In primo luogo, sarebbe necessario che alla politica (anche) locale fosse ridato uno spazio effettivo di manovra, al di fuori dei "patti di stabilità", della compressione delle risorse, delle manovre su personale e partecipate. C’è stato chi, nel Partito Democratico, ha accusato il sindaco Valentini di essere un "ragioniere" (il che è vero), senza tuttavia interrogarsi sui motivi ultimi di questa attitudine, sulle pastoie all'azione politica che sono poste dall'Unione Economica e Monetaria, dalle norme del Fiscal Compact, dal pareggio di bilancio entrato come una metastasi nel corpo dell’art. 81 della Costituzione: tutte decisioni cui quel partito ha dato la sua entusiastica adesione.

Secondariamente, dovremmo riappropriarci di un più realistico concetto di democrazia, al di fuori delle mistificazioni del "politicamente corretto". Per conservare "lo stato e la città in pace", senza che se ne abbia Santa Caterina, non serve infatti "attendere al bene comune" invece che "al ben particolare" (S. Caterina da Siena, lettera CCLXVIII), per il semplice fatto che un "bene comune", inteso come "bene di tutti", non esiste, trattandosi - di norma - di un artificio retorico che sottintende il "bene della classe dominante" (non a caso – per restare in ambito cattolico – l’elaborazione del concetto da parte di S. Tommaso nei Dieci libri sull'Etica Nicomachea trova ultimamente consonanze col pensiero delle élites globaliste e transnazionali). Al contrario, lo "stato e la città" hanno pace se tutte le Istituzioni (anche l'Università, anche la Fondazione) si fanno luogo di dialogo fra soggetti esponenziali delle rivendicazioni delle diverse classi sociali, in vista di una sintesi – sempre dinamica e che non  può prescindere dai risultati elettorali – delle stesse. Questo, in passato, la sinistra lo sapeva; da ultimo è invece (consapevolmente?) caduta nella trappola (v. Michéa).

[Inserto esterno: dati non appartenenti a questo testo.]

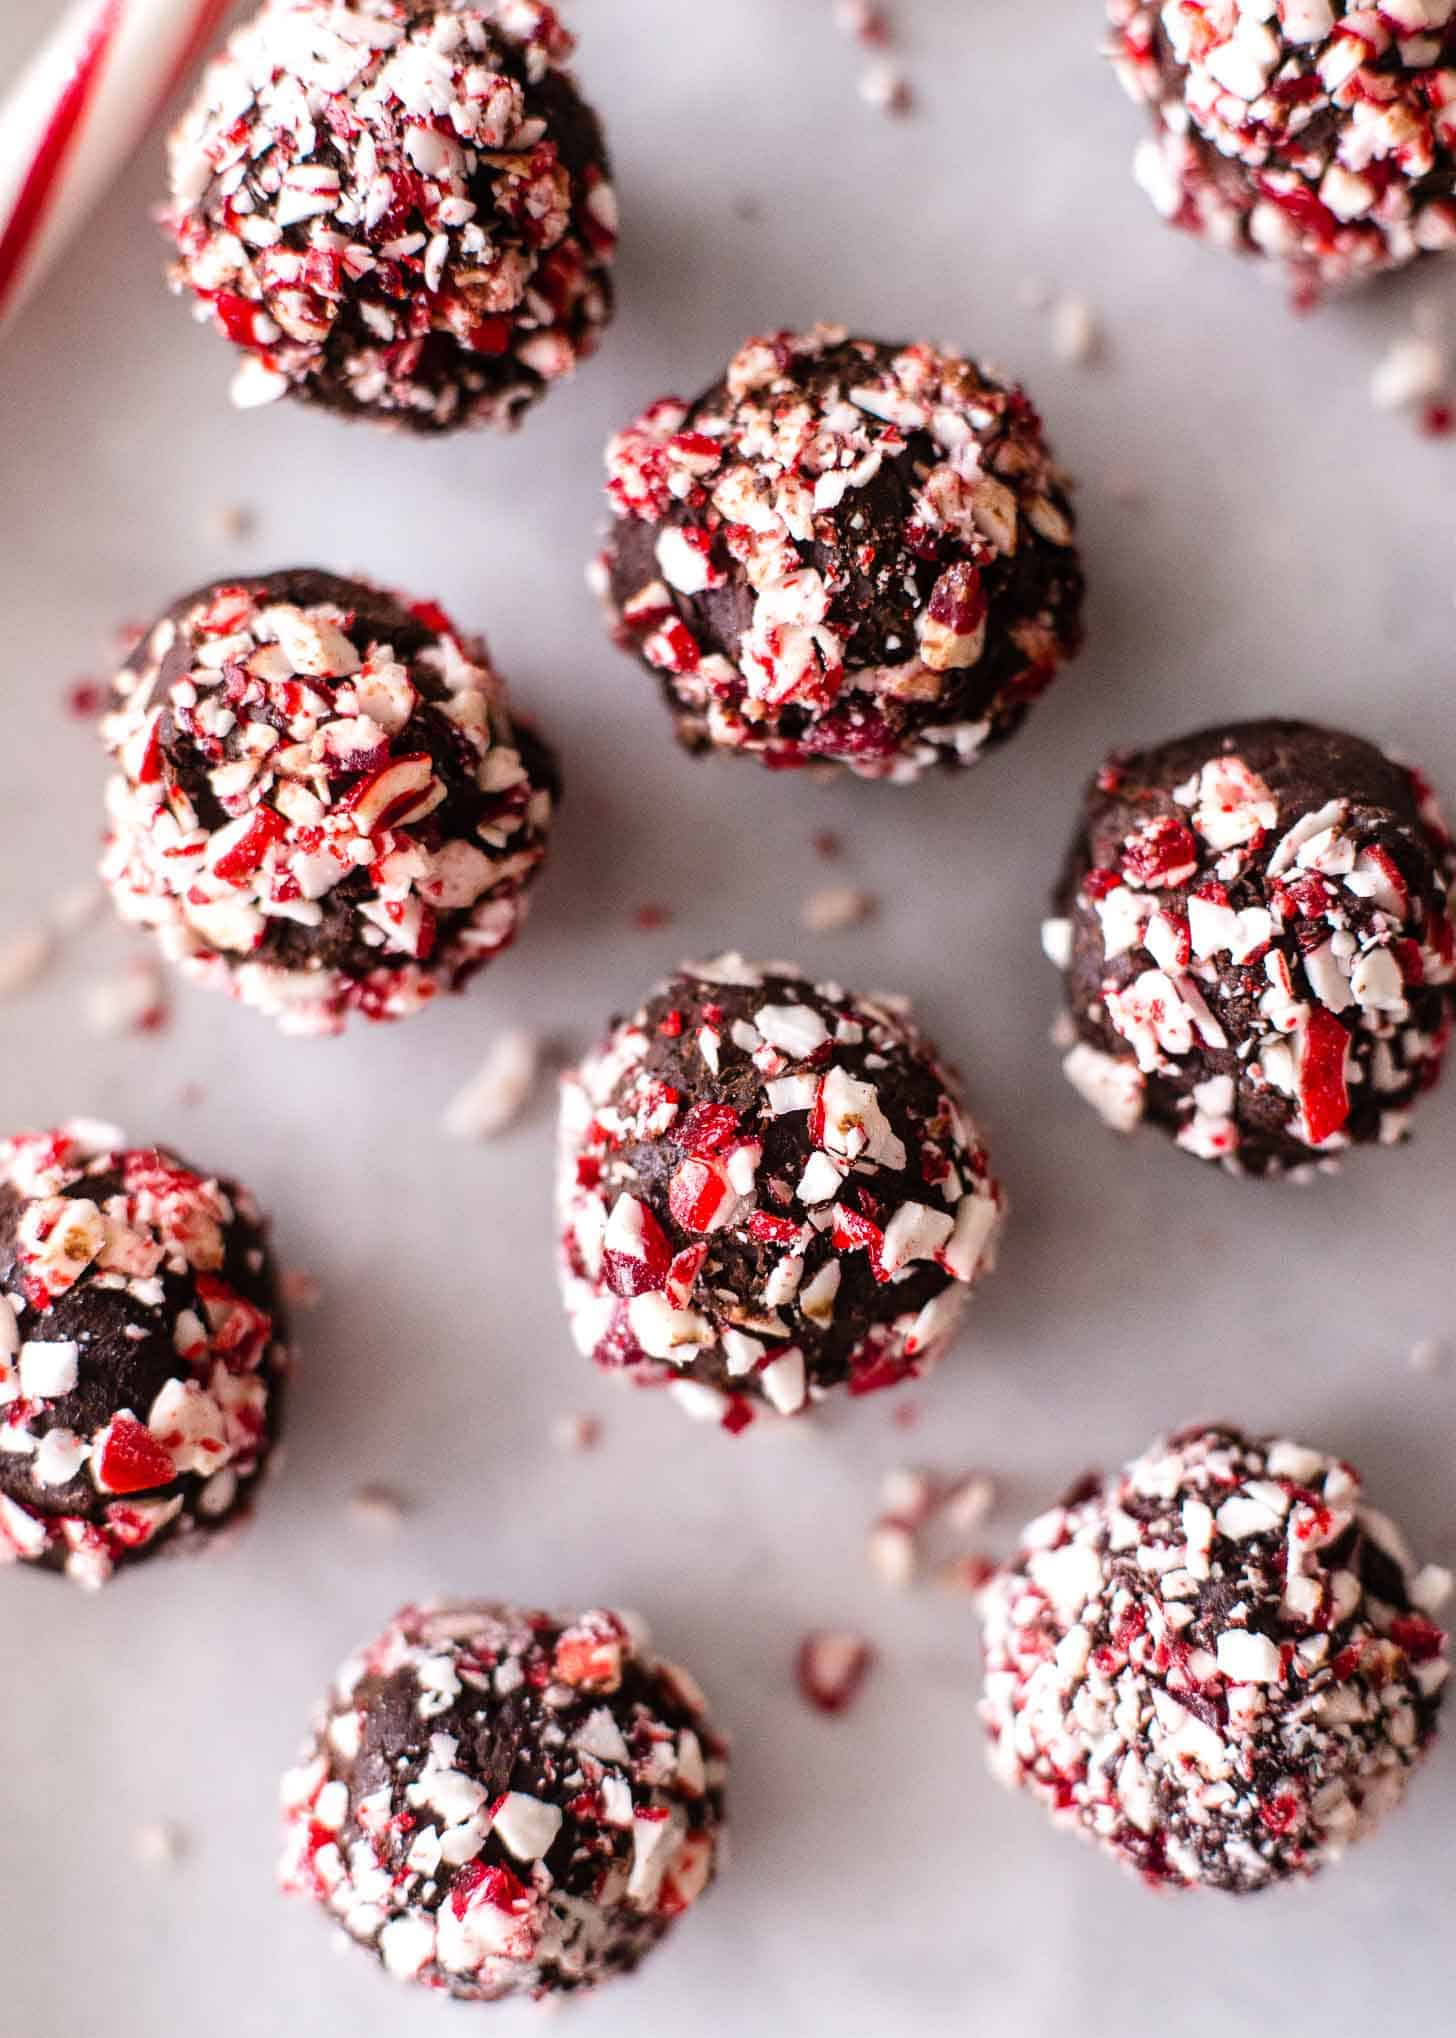 Chocolate Candy Cane Truffle on a sheet of parchment paper

Va da sé che quanto precede pre-suppone che la stampa dia all'opinione pubblica gli strumenti necessari per costruire posizioni anche antitetiche, ma consapevoli. Senza girarci intorno: la stampa, a Siena in particolare ma in Italia in generale, non è "un" problema, è "il" problema. Che può certo essere attenuato dalle risorse della rete (i blog, Facebook, Twitter, non a caso sotto attacco prima con la patetica scusa delle fake news, ora con lo scandalo di Cambridge Analytica), ma non risolto. Io, in materia, non ho soluzioni, soprattutto laddove si consideri che un giornale ha sempre un costo e, pertanto, invariabilmente un editore. Il quale, a sua volta, ha i sui interessi e i suoi spin doctor di riferimento (v. Giacché, La Fabbrica del falso; Foa, Gli stregoni della notizia). Certamente, la pluralità di mezzi di informazione e di testate per ciascuno di essi aiuta la polifonia, ma non garantisce l’obiettività; anzi, forse in questo momento vi è maggiore apertura a Siena che su fogli e televisioni nazionali, la cui credibilità ha raggiunto il suo minimo storico.

Che il 2018 porti a Siena una compiuta democrazia dell’alternanza.